Everytime someone says a variation on “Why should aromantics be queer? it’s not like anyone’s stopping you from marrying, stop complaining”…
…I almost want to punch someone in the face.
I am an aromantic asexual, and I would one day be interested in marriage. I may not be interested in “traditional” romanti-sexual relationships, but I am interested in some kind of long term, committed, intimate relationship. And the fact is that in this country, the only way to obtain legal recognition of that commitment - and access to financial, legal, and childcare benefits thereof - is marriage.
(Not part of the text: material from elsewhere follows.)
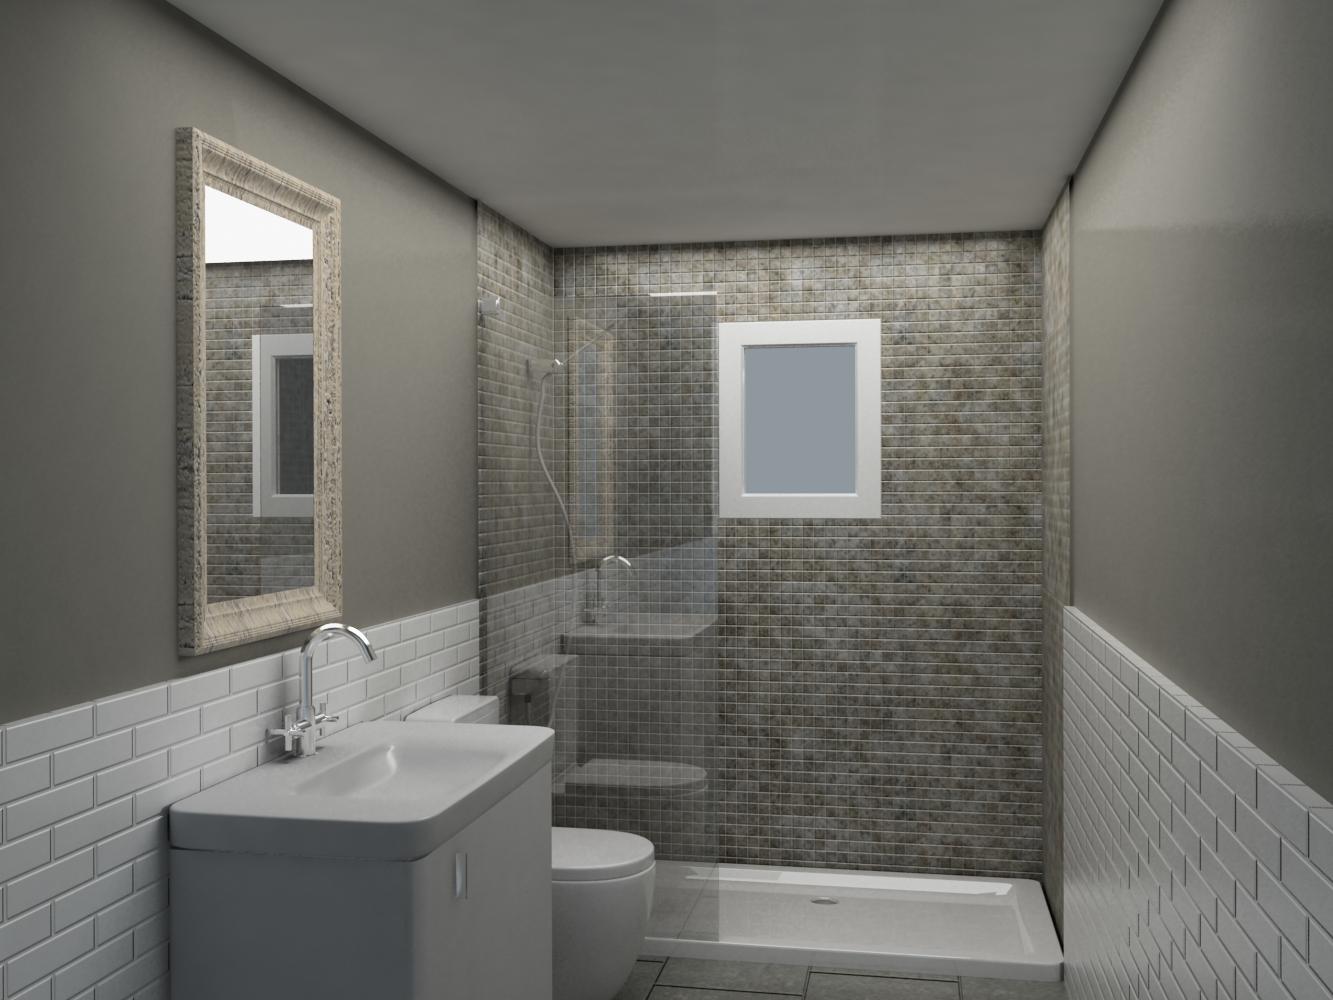 Ba os con azulejos hasta el techo for Alicatar cuarto de bano

But in the state and time I live in, there is only a 50% chance of that being a possibility. If my partner happens to be of the “wrong” gender - which is just as likely, if not more, as having one of the “right” gender, we will be denied those rights just as much as any other queer couple. The groups that fight so hard to prevent marriage equality will not make an exception for me simply because I happen not to feel traditional romantic/sexual attraction. And if I do end up in a same gender partnership, people who take offense to that will not see a difference.
You see, for those of you who can’t conceptualize romantic orientations other than as watered down versions of other orientations - if we’re going to make comparisons, aromantics will probably always be closer to bisexuals than heterosexuals. I mean, for me, when questioning my identity, the first real thing I managed to establish was that I did not prefer men over women. It didn’t take long to figure out that the reverse wasn’t true either, and so for the period before I found out about asexuality, “apathetic bisexual” was the best mental descriptor I could find. On forced choice surveys that exclude asexuality, “bisexual” will always be the next best choice for me.
Why do people still seem to want to insist so much that we must be straight?